* **Work order**:
For this exercise, retype the lines from the one that holds "of Scituate Police" through the one that holds "Cruiser 3591, a" in the records below, both included, exactly and without pictures.

───── Information given

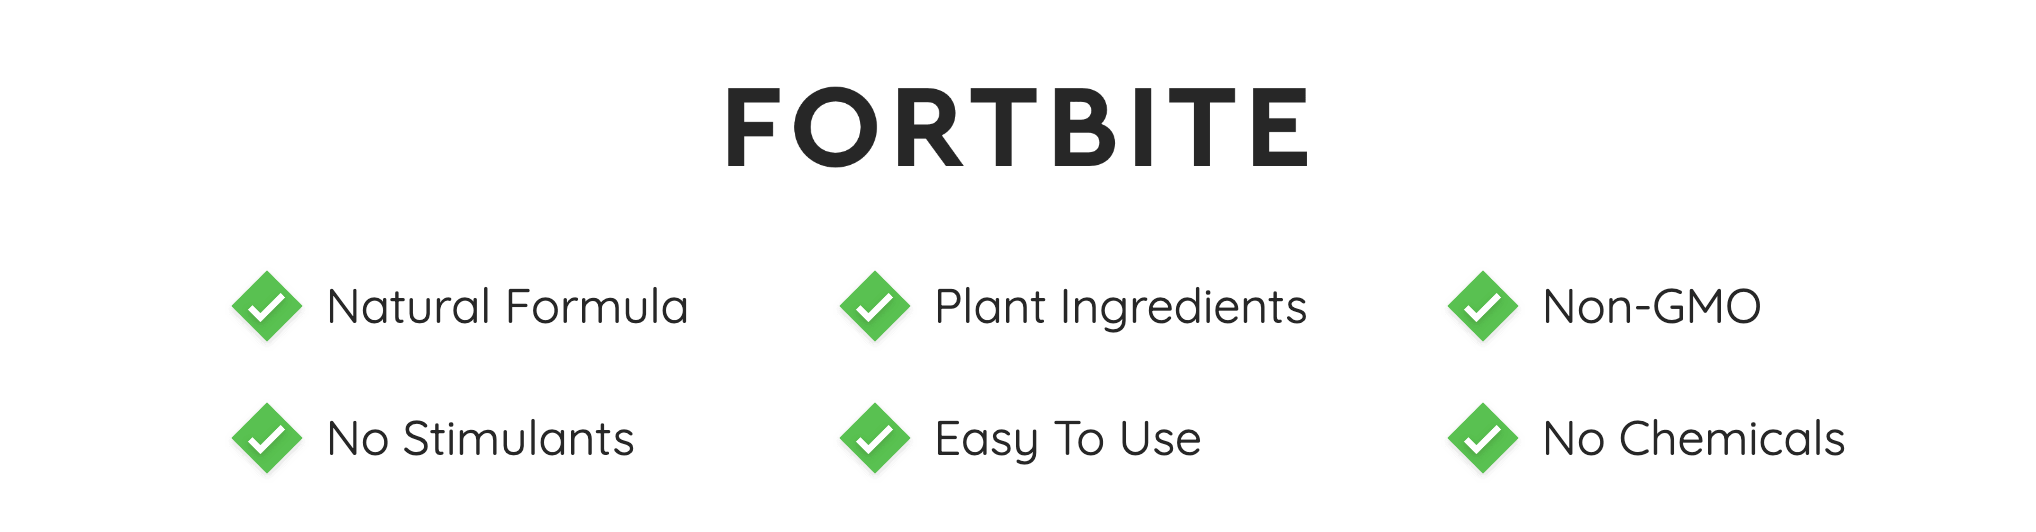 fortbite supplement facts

──────────
───── Information given

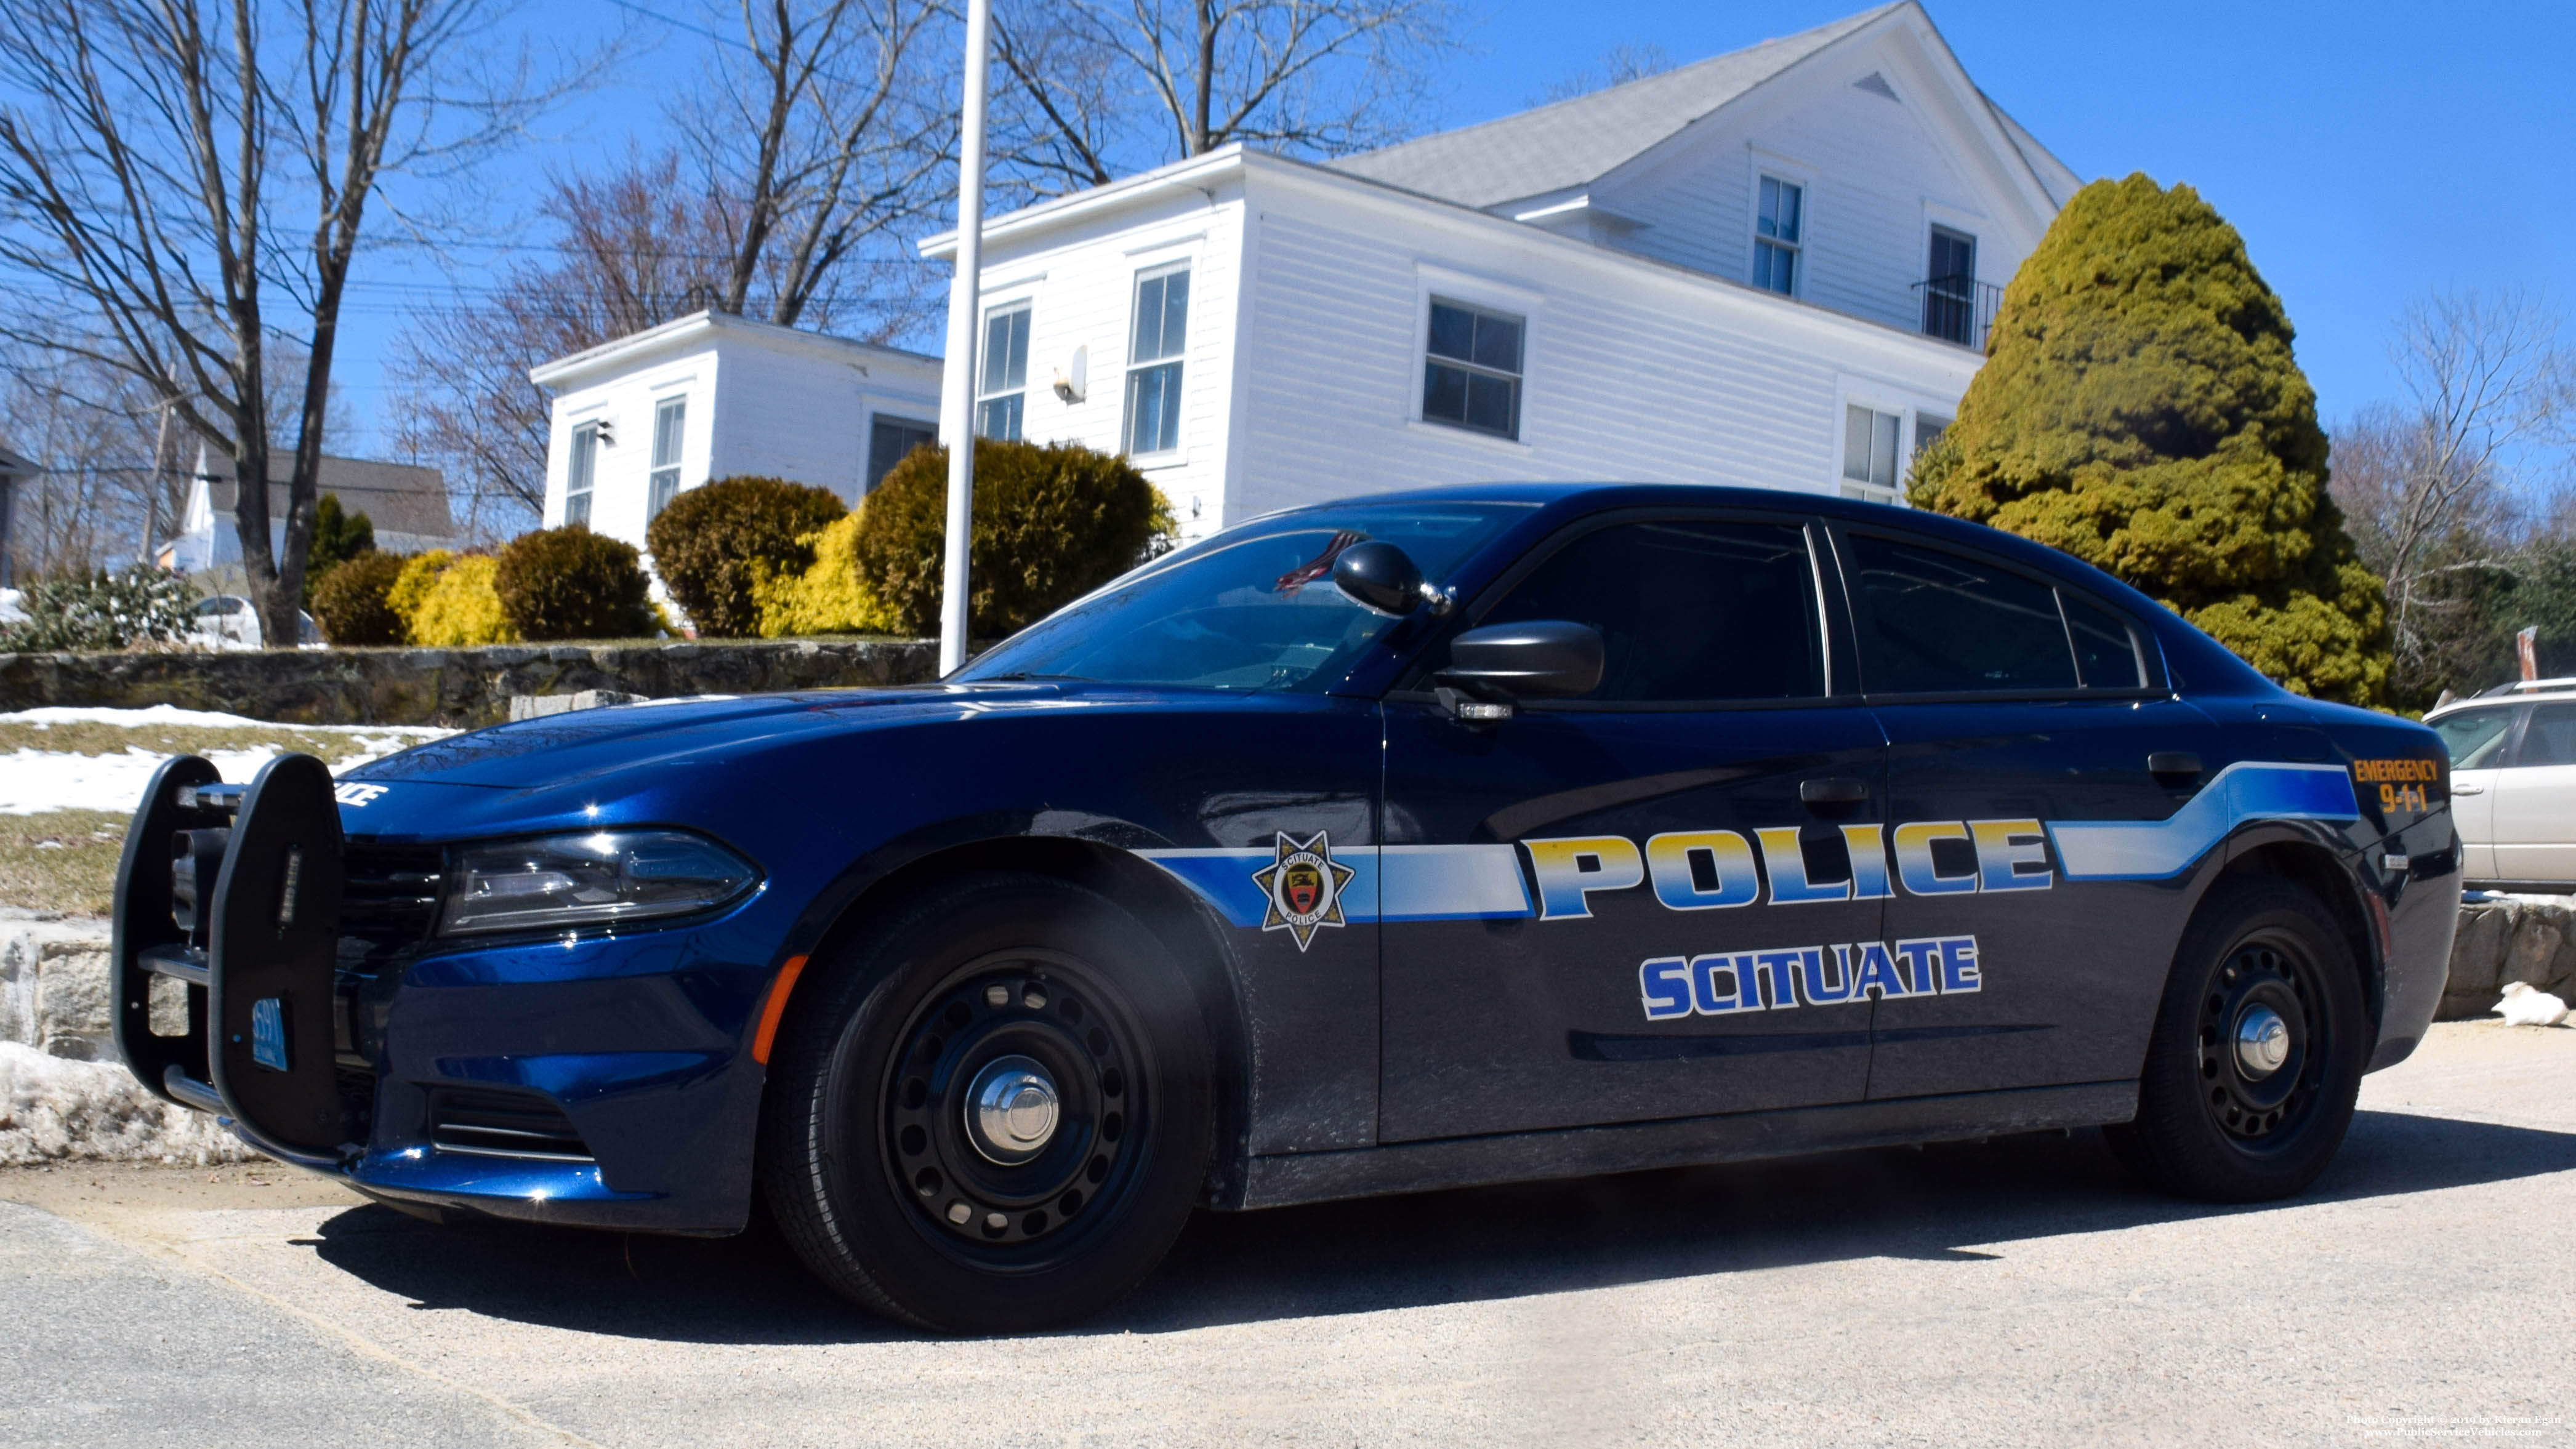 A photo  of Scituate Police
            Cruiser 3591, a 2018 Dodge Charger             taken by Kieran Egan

──────────

* **Answer to the problem**:
 A photo  of Scituate Police
            Cruiser 3591, a 2018 Dodge Charger             taken by Kieran Egan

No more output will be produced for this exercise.